Lyle Tuttle
Tattoo Artist who Changed History
It was in 1946 that Lyle got inked for the first time. He was fourteen years old, enamoured by US army service men and war vets, he got the classic heart with “MOM” tattooed on the inside of his arm. Sixty-two years later, Lyle’s body is covered from neck to ankle. A work of art and a script of his life – the kind that any film executive with a two bit brain would jump on.
In 1949, at the young age of seventeen, Lyle embarked on his career tattooing soldiers, marines, navy men and the air force. Women didn’t get tattooed in those days. However, over fifteen years later, with his tattoo parlour parked beside the Greyhound Bus Station in San Francisco, Lyle was at the epicenter of the hippie movement, which encompassed Women’s Liberation, civil rights, off the grid communes and anti-war activists.
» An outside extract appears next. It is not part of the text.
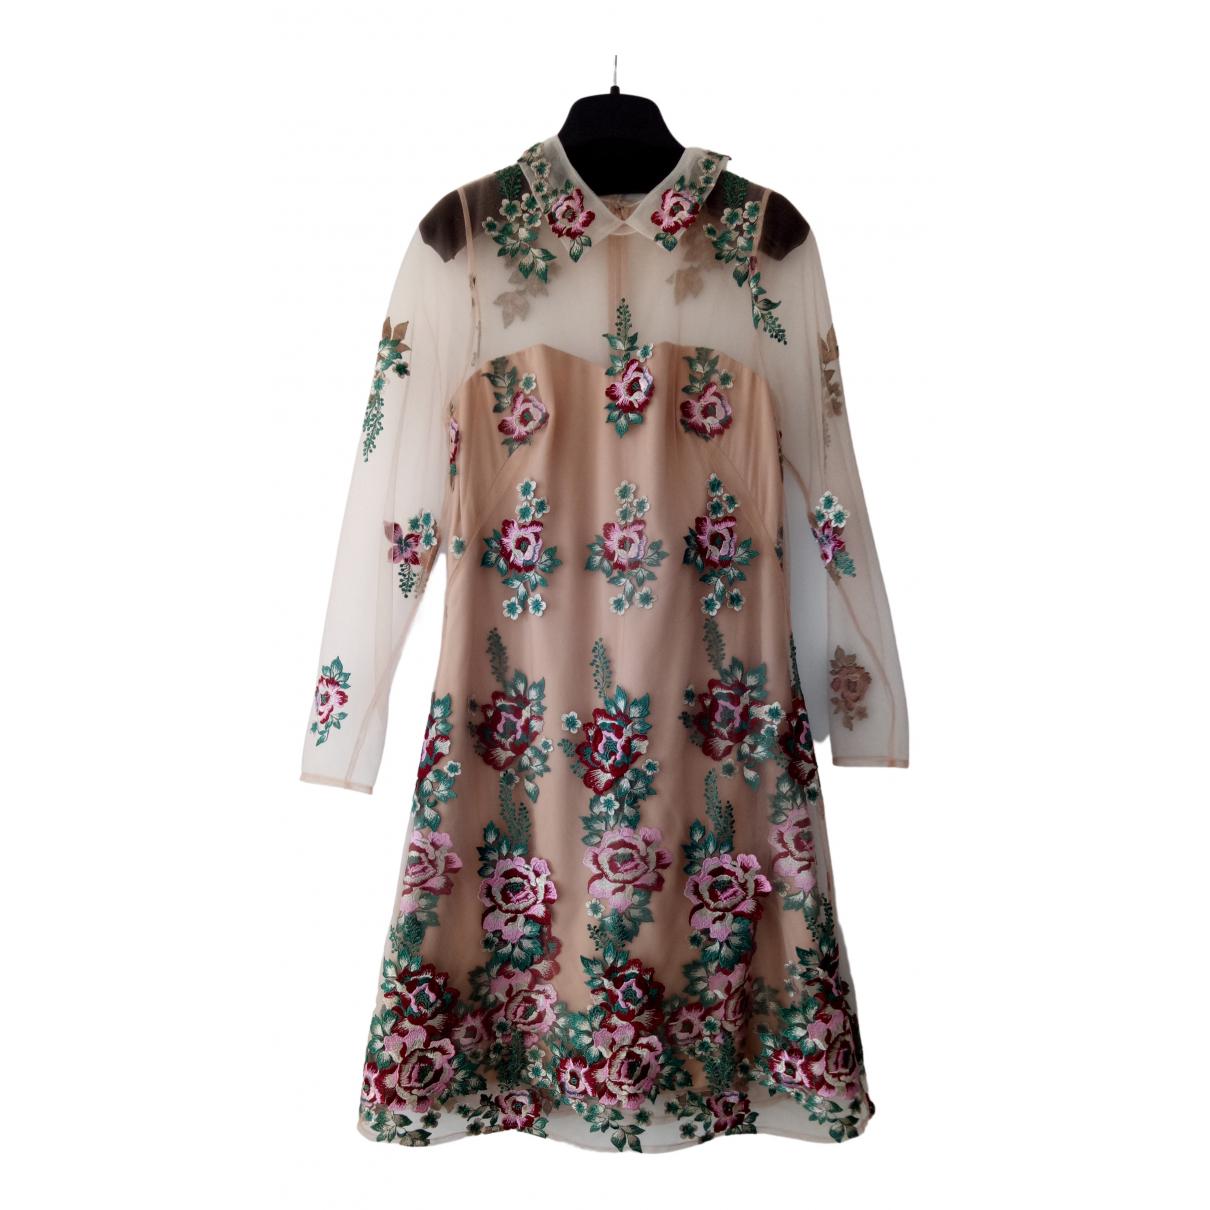 Marchesa Notte \N Kleid in  Bunt Polyester

The barber, located at the crossroad of Haight-Ashbury was forced to quit as no one wanted their hair cut; but they sure wanted a tattoo to mark the changing times.
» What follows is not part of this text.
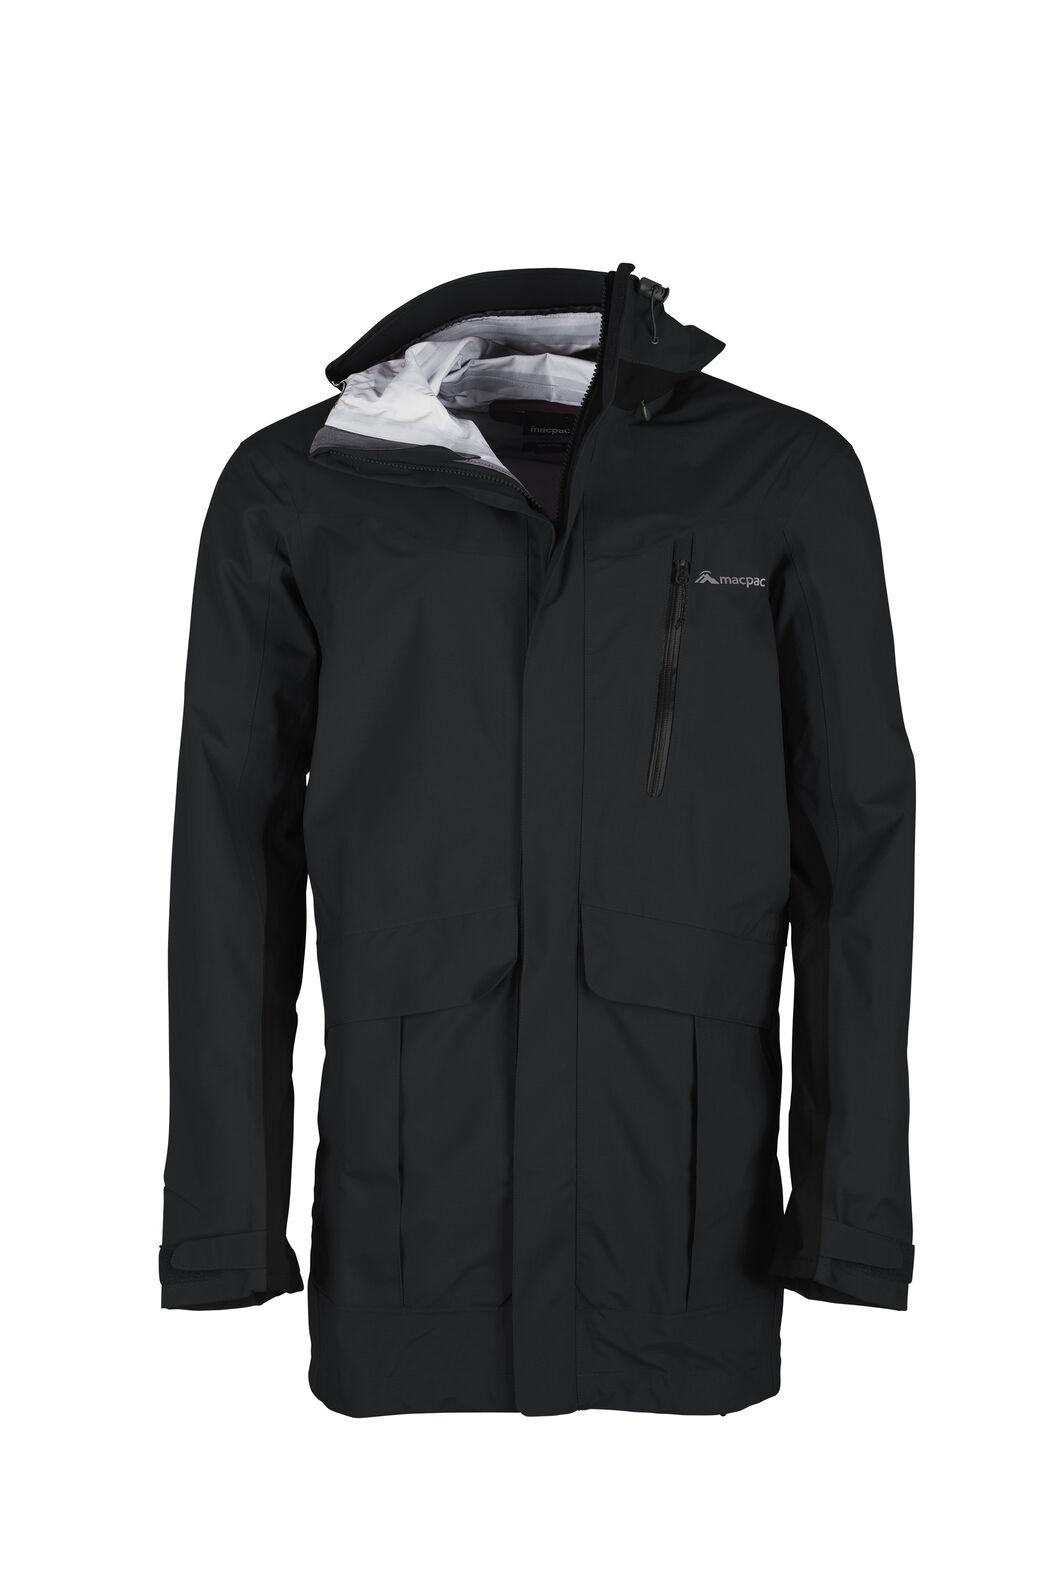 Macpac Copland Long Rain Jacket - Men's, Black, hi-res

In a single day, Lyle would do a Black Panther tattoo, confederate flag, and peace sign – a convergence of all the forces present at this poignant moment in history.
I imagine nineteen year olds unloading off bus after bus coming from New York, Texas, Washington, Florida and Canada…filling the streets and aimlessly wandering high, searching for their place and purpose. They grew up in conservative 1950’s households, and arrived on a quest for change, beaming with excitement and lust for a new life. I then imagine Lyle looking out his window from the tattoo parlour, soaking it all in. Although cliché, I can’t help but hear Bob Dylan’s “The Times they are a Changin’”.
So who else frequented Lyle’s tattoo shop? Janis Joplin. After she read an article about him in the San Jose Mercury paper, she decided she wanted in on this new phenomenon. She went to Lyle and got a bracelet on her wrist, and they became good friends.
Lyle’s description of Janis certainly lives up to her reputation:
“She was a wild and crazy star.”
It was hard to find time to just hang with Janis, as the entourage would always be in tow. Lyle relays that when Janis heard from the bird that his little mini cooper with white and silver stripes tore through Larkspur California – Janis’s last address – she would call him up with a kind of ‘Hey Man, you came through town and didn’t visit?.’
A year later, Janis was found dead from a heroin overdose at the Landmark Motel in Larkspur - less than a month after Jimi Hendrix’s death, and ten months shy of Jim Morrison. All accomplished so much before even their thirtieth year.
When word got out that Lyle had tattooed Joplin, well the women swarmed in to get replicas. In a 1970 article with Time Magazine, it mentions how Lyle, within just that year, did over 100 replicas.
His name became synonymous with the Tattoo Renaissance, but perhaps most controversially for playing an integral role in the tattooing of women.
Life, Time, The Johnny Carson Show, The Tomorrow Show with Tom Snyder; Lyle was featured in them all. What seems so normal now, was absolutely taboo then. So we can all thank Lyle a little bit, for contributing to the initial acceptance of tattooed women.
Lyle says with a snicker:
“I’ve seen more panty lines than gynecologists.”
And further remarks, “That’s what fired my rocket, the women.”
He held the same tattoo studio in San Francisco for 29 years. Now Lyle resides in the quiet California home that he grew up in, outside of the city. He tours tattoo festivals all over the world, and will be attending Toronto’s 10th Annual Northern Ink Xposure festival this upcoming week.
Although he doesn’t practice any more, he will ink his autograph on your body – if you have all the equipment ready at hand. He’s that famous.
After our call, I can’t help but feel ‘HOLY F*CK, has this man ever lived an interesting life.’
He concurs, “I feel I’m the most fortunate man in the world.”